# making your own icc profiles



## Tcrow (Aug 9, 2014)

Is there any way of making your own icc profile without a big dollar software that works. I know there's probably no way. I had one made some time back at ? and it's really not much better if any than not having one. Red is orange, Blue is purple and there is other colors although some are tolerable. Now I know the usual adjustment advice. Pressure time and all of that and it's not any of those. The printer is setup right and it's brand new Epson 7610. If you don't know what color something is supposed to be it looks good. So what about the profile ?


----------



## TheMonkeyBrain (Aug 14, 2015)

I'm having exactly the same problem (orange looks red). Using CorelDraw X5, Cobra Ink (4.1) and paper. Anxious to get some advice from the forum. Thanks


----------



## Resu (Oct 16, 2011)

Obviously you're ink supplier isn't supplying ya with one so that means it ain't Cobra. Best I can tell ya is to ensure your project is RGB and then play with various "color handling" and "printer profiles" until you find one that works. I've had success with non-Cobra inks that look better than Cobra Inks with their profiles. 

If you ain't buying ink that supplies a profile then you gotta put your work in and print, adjust, repeat, repeat until you get what you're looking for. Head to Ross, grab a few all poly tees and get to doin' you cuz ain't nobody gonna do you like...you!!


----------



## mcpix (Jun 27, 2008)

Finding the right ICC profile for sublimation printing can be tricky. I finally decided to buy a used x-rite X1 pro off ebay ($300) and create my own profile. It turned out great . I'm printing photographs on chromaluxe, so it was important that the colors were correct.

Before I created my own profile I tried to "tweak" a profile I downloaded without much success. I wasted a lot of ink and material trying to find the right combination. You might have better luck than me, but I still think either creating your own, or having a custom one created for you is a better way to go.


----------



## JantexInks (Nov 11, 2009)

There is a lot that can be written on this subject, but I will keep my thoughts to a minimum. 
Yes, creating a profile will can certainly help with your color accuracy but it depends on how it was made and how it is implemented. Just because you make a profile doesn't mean that you are going to get good results. When doing dyesub, there are so many factors that it makes creating a high quality profile difficult. 

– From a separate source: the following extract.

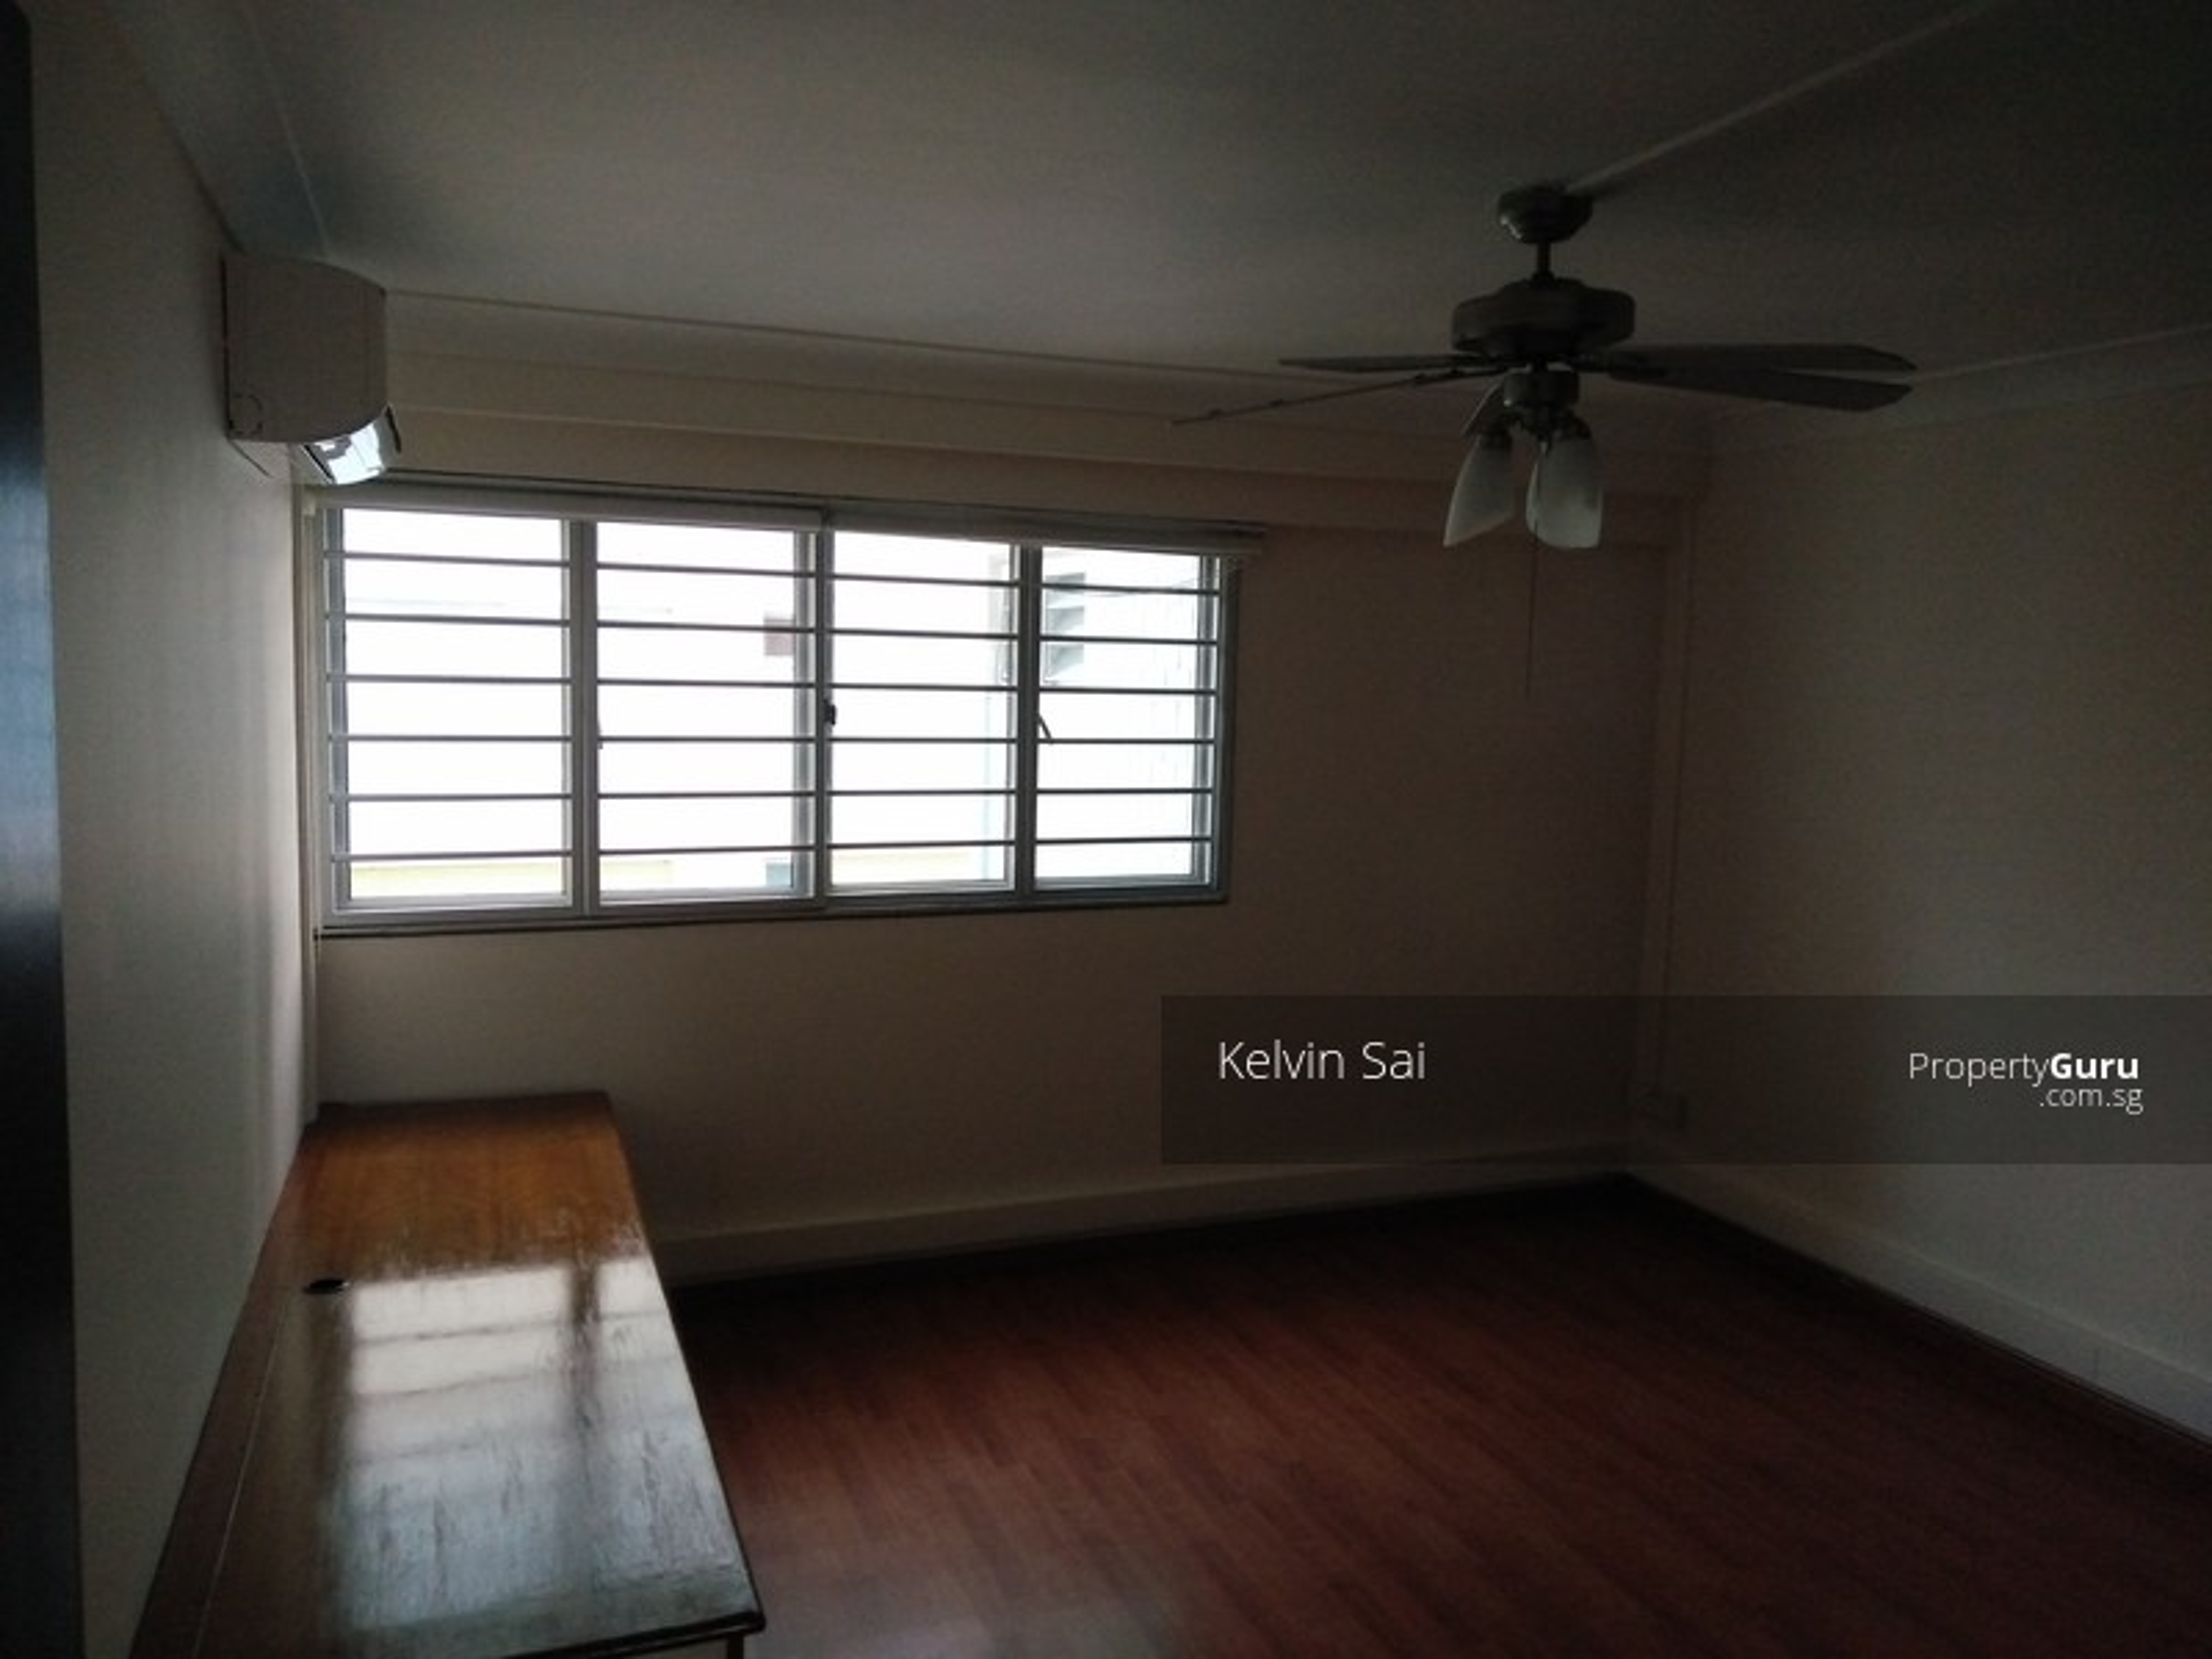 125 Bishan Street 12 125 Bishan Street 12 3 Bedrooms 1302 Sqft Hdb Flats For Rent By Kelvin

All that said, as posted above, you can pick up used software/equipment fairly cheap on eBay. But my suggestion would be to work with your supplier to either get you better profiles or have them create one for you.


----------



## mcpix (Jun 27, 2008)

I would agree that the first thing to do is contact you supplier for a profile. In my case, the supplier provided profiles were not giving me the results I wanted, so I made my own.

I would also note that in addition to the time, temperature and pressure variables, it is important to make sure that your software program and printer driver are set correctly.


----------



## ultraprintworks (Mar 2, 2015)

Paying the $100-$300 for the profile is definitely worth it! Save yourself the headache and have some one create it for you correctly.


----------



## David09 (Oct 2, 2015)

I think there is no way out from this problem


----------



## inkjetparts (Apr 2, 2016)

Your best bet is to have someone who knows sublimation and color come in with a spectrometer and create a profile for you.


----------



## KRAMLIE (10 mo ago)

How I can my Sublimation Printer Glitter Ep_4720. The color turn in violet result. Anybody can help this problem..


----------



## Gizmogirl256 (Jan 19, 2021)

KRAMLIE said:


> How I can my Sublimation Printer Glitter Ep_4720. The color turn in violet result. Anybody can help this problem..


It could be several different issues causing color problems. I have a trouble shooting guide on my site or feel free to PM me and I can help.


----------